M. Venizelos, “the great victor of the war in the East,” as he was called in London, even supported his claims by drawing public attention to the intrigues carried on by Constantine’s supporters to restore him to the throne. He maintained that the revision of the treaty would second the efforts which were then being made in Athens by the old party of the Crown, which, he said, was bound to triumph if Greece was deprived of the fruits of her victory and if the Allies did not redeem their pledges towards her. But then it became obvious that the Greeks did not despise Constantine so much after all, and their present attitude could not in any way be looked upon as disinterested.

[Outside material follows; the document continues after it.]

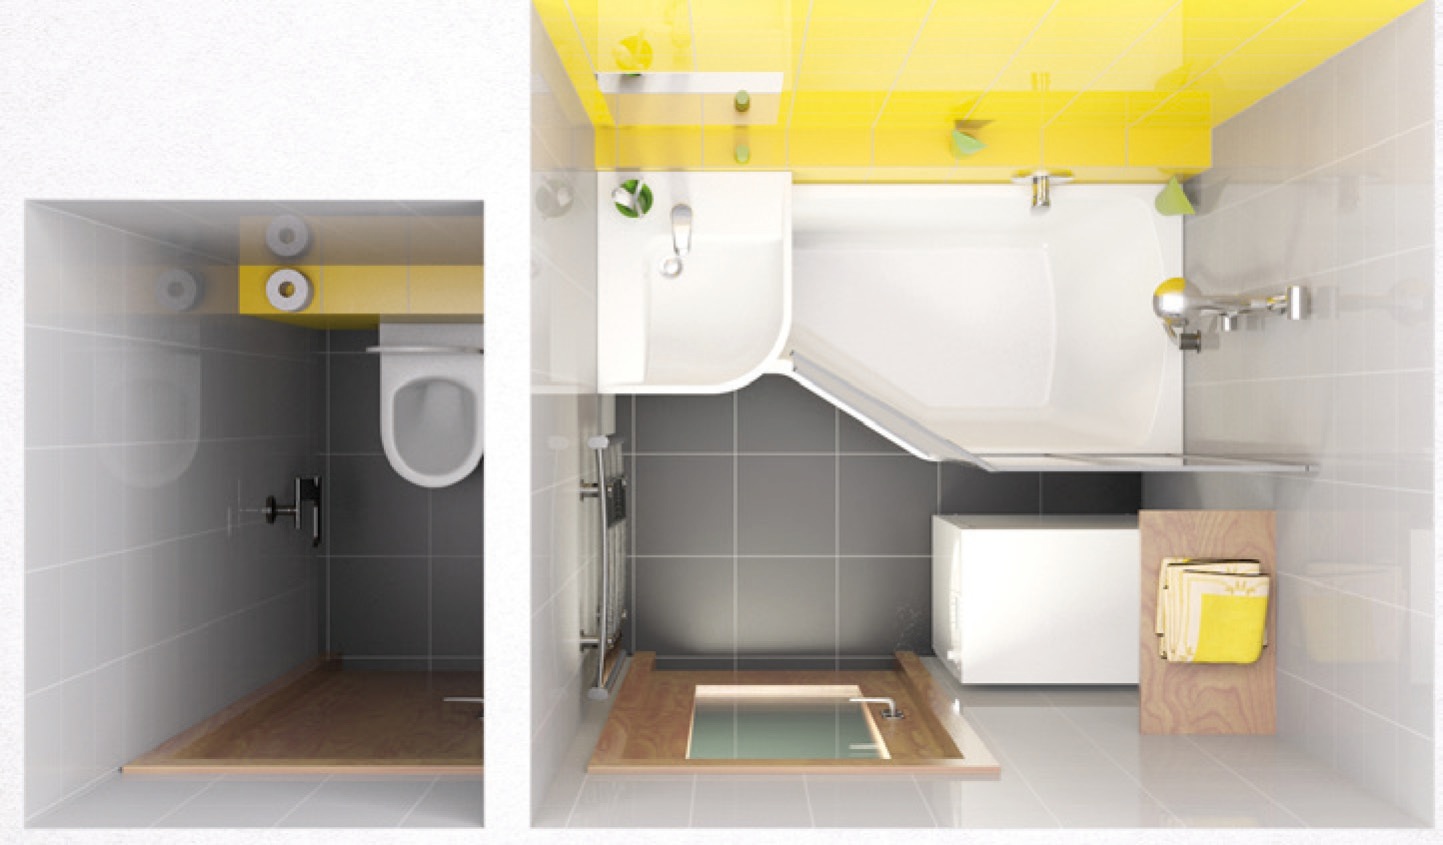 BeHappy koncepciónk fürdőszoba bútorai nem csak praktikusak, de méretük miatt még a mosógép is elférhet a fürdőszobában!

It might have been expected, on the other hand, that Count Sforza, who had been High Commissioner in Constantinople, where he had won warm sympathies, would maintain the friendly policy pursued by Italy since the armistice towards Turkey—that is to say, he would urge that the time had come to revise the treaty of peace with Turkey which, since it had been drawn up at San Remo, had constantly been opposed by the Italian Press. All the parties shared this view, even the clerical party, and one of its members in the Chamber, M. Vassalo, who had just come back from Turkey, energetically maintained it was impossible to suppress the Ottoman Empire without setting on fire the whole of Asia. The Congress of the Popular Party in Naples held the same opinion. Recent events also induced Italy to preserve the cautious attitude she had assumed in Eastern affairs since the armistice, and she naturally aimed at counterbalancing the supremacy that England, if she once ruled over Constantinople and controlled Greater Greece, would enjoy over not only the western part, but the whole, of the Mediterranean Sea.

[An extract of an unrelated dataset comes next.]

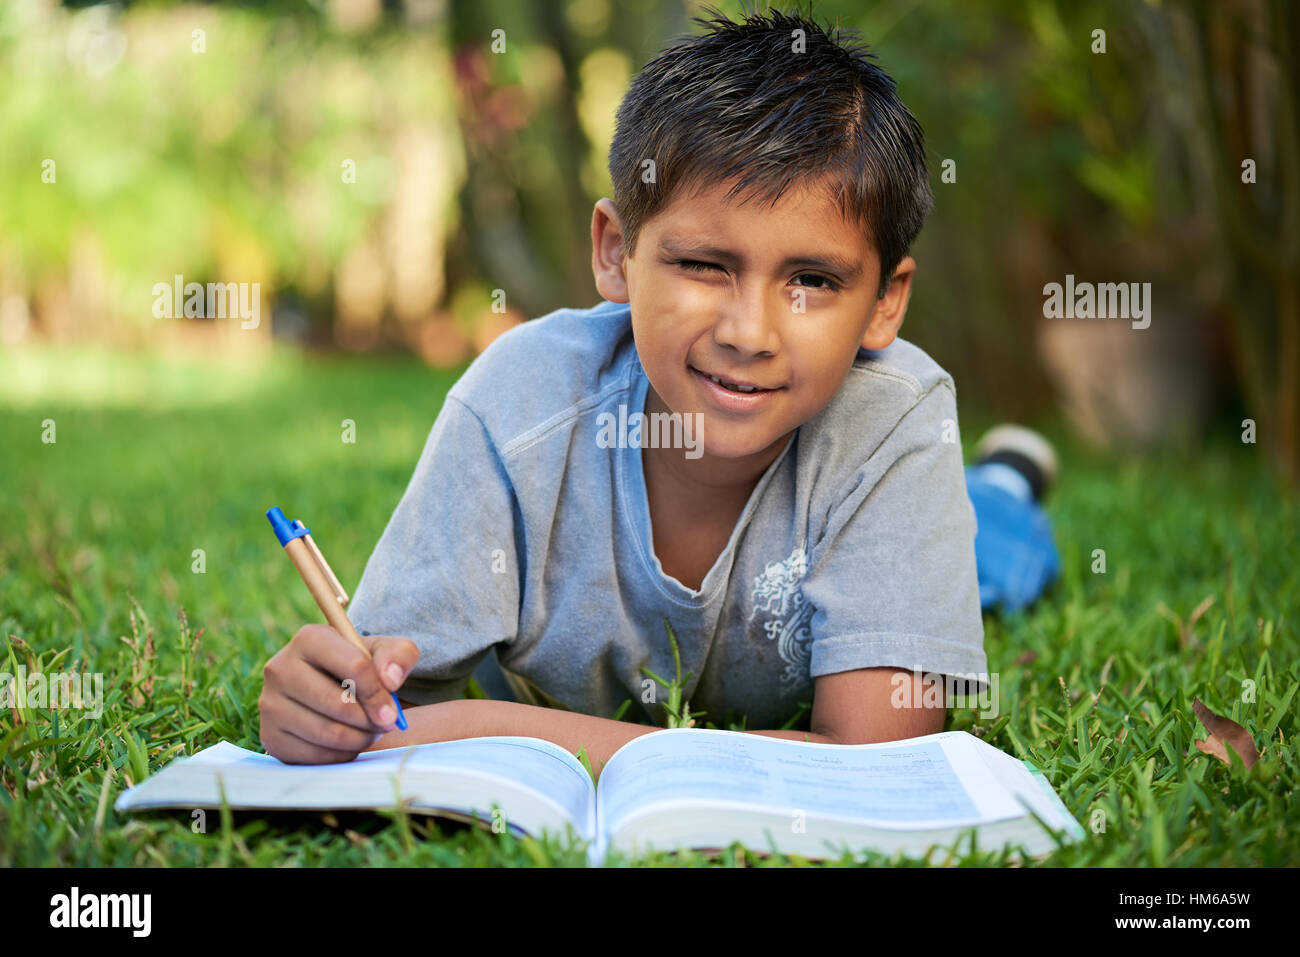 kleiner Junge mit Buch studieren lag auf dem grünen Rasen Stockfoto

Henceforth it was obvious that the chief stipulations of the treaty that was to be enforced on Turkey were doomed to failure, and it was asked with no little anxiety whether the Powers would be wise enough to take facts into account and reconsider their decisions accordingly, or maintain them and thus pave the way to numerous conflicts and fresh difficulties. Indeed, the outcome of the arrangements they had laboriously elaborated was that things in the East had become more intricate and critical than before. No State wished to assume the task of organising the Armenian State: the American Senate flatly refused; Mr. Bonar Law formally declared in the House of Commons that England had already too many responsibilities; France did not see why she should take charge of it; Italy accepted no mandate in Asia Minor. Syria, on the other hand, protested against its dismemberment. Mesopotamia was rising against the English at the very time when the Ottoman Nationalists entered an indignant protest against the cession of Smyrna and Thrace to Greece.